*Available data:*
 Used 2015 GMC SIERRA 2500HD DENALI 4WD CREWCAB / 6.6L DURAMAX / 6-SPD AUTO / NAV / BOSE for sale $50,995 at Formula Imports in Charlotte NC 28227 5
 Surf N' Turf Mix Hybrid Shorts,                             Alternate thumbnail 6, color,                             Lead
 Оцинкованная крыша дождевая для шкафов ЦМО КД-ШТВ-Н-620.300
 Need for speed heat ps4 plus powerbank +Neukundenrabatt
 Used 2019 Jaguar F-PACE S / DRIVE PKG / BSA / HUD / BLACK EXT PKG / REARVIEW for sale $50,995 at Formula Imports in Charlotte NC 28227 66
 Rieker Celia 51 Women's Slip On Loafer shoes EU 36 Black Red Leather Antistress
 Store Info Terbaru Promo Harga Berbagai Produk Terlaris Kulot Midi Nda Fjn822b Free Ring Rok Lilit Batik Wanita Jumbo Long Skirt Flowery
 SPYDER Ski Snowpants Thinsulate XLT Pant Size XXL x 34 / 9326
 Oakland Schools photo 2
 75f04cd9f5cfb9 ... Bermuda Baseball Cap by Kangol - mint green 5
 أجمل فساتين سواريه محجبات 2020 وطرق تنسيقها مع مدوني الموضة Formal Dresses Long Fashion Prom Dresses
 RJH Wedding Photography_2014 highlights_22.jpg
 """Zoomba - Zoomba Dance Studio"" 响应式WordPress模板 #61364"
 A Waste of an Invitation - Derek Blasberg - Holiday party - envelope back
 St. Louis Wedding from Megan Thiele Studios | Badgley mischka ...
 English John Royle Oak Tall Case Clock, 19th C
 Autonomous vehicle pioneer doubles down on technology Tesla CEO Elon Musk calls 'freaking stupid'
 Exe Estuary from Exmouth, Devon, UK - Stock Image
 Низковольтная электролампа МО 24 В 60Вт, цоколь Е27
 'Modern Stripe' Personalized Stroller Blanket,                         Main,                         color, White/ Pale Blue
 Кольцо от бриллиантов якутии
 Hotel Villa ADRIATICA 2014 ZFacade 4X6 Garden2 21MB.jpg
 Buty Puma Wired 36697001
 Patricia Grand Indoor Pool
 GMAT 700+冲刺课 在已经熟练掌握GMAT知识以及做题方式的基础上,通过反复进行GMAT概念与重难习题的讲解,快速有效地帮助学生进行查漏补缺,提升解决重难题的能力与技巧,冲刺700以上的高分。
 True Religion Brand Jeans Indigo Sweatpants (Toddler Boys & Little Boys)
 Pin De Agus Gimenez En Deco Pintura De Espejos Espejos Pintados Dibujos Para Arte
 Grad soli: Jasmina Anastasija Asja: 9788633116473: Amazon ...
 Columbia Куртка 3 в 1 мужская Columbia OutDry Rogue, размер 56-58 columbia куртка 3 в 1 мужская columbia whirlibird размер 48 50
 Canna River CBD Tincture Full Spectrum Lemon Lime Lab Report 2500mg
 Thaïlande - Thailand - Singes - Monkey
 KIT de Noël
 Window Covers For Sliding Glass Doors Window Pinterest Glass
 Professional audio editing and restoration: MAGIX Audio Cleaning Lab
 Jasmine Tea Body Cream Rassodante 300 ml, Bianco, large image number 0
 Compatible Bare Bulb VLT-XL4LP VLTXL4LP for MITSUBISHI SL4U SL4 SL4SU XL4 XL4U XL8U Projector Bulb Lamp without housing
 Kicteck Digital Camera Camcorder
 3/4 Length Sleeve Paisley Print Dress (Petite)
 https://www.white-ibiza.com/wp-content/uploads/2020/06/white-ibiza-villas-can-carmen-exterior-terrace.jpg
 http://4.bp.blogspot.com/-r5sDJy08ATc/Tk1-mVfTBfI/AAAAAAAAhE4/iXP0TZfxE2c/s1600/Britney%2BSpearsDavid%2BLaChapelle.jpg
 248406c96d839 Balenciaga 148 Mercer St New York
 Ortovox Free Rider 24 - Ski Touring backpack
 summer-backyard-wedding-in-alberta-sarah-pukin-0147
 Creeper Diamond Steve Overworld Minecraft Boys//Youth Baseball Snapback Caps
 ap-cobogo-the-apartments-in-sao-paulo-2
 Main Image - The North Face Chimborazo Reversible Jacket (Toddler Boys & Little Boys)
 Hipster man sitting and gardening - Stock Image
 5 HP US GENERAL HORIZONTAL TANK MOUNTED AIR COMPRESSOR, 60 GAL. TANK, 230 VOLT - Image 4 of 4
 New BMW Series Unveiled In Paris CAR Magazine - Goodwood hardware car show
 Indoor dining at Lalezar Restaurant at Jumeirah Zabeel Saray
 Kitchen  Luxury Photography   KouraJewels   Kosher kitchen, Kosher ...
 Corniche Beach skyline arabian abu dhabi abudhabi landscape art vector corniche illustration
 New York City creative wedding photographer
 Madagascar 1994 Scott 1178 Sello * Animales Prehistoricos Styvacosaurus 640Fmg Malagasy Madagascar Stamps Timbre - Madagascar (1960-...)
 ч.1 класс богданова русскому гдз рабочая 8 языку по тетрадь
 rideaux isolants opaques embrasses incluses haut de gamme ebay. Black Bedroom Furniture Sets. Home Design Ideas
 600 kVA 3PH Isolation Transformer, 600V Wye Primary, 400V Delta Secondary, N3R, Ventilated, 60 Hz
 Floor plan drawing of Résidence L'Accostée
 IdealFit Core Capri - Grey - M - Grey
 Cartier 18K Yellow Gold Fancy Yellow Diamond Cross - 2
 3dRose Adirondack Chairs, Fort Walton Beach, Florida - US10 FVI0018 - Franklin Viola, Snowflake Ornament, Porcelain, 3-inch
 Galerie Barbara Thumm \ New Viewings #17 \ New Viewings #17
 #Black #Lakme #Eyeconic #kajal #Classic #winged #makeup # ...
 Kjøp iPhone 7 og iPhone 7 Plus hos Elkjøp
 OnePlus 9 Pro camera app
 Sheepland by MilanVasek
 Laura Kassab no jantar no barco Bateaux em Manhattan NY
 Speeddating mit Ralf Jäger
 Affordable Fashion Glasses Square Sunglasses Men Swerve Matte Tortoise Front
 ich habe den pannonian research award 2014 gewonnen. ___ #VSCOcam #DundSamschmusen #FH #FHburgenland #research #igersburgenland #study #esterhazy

*The problem:* The response should hold exactly the lines starting at the line with "Columbia Куртка 3 в 1 мужская Columbia OutDry" and ending at the line with "ap-cobogo-the-apartments-in-sao-paulo-2", and no other line of the material above.

*Result:*
 Columbia Куртка 3 в 1 мужская Columbia OutDry Rogue, размер 56-58 columbia куртка 3 в 1 мужская columbia whirlibird размер 48 50
 Canna River CBD Tincture Full Spectrum Lemon Lime Lab Report 2500mg
 Thaïlande - Thailand - Singes - Monkey
 KIT de Noël
 Window Covers For Sliding Glass Doors Window Pinterest Glass
 Professional audio editing and restoration: MAGIX Audio Cleaning Lab
 Jasmine Tea Body Cream Rassodante 300 ml, Bianco, large image number 0
 Compatible Bare Bulb VLT-XL4LP VLTXL4LP for MITSUBISHI SL4U SL4 SL4SU XL4 XL4U XL8U Projector Bulb Lamp without housing
 Kicteck Digital Camera Camcorder
 3/4 Length Sleeve Paisley Print Dress (Petite)
 https://www.white-ibiza.com/wp-content/uploads/2020/06/white-ibiza-villas-can-carmen-exterior-terrace.jpg
 http://4.bp.blogspot.com/-r5sDJy08ATc/Tk1-mVfTBfI/AAAAAAAAhE4/iXP0TZfxE2c/s1600/Britney%2BSpearsDavid%2BLaChapelle.jpg
 248406c96d839 Balenciaga 148 Mercer St New York
 Ortovox Free Rider 24 - Ski Touring backpack
 summer-backyard-wedding-in-alberta-sarah-pukin-0147
 Creeper Diamond Steve Overworld Minecraft Boys//Youth Baseball Snapback Caps
 ap-cobogo-the-apartments-in-sao-paulo-2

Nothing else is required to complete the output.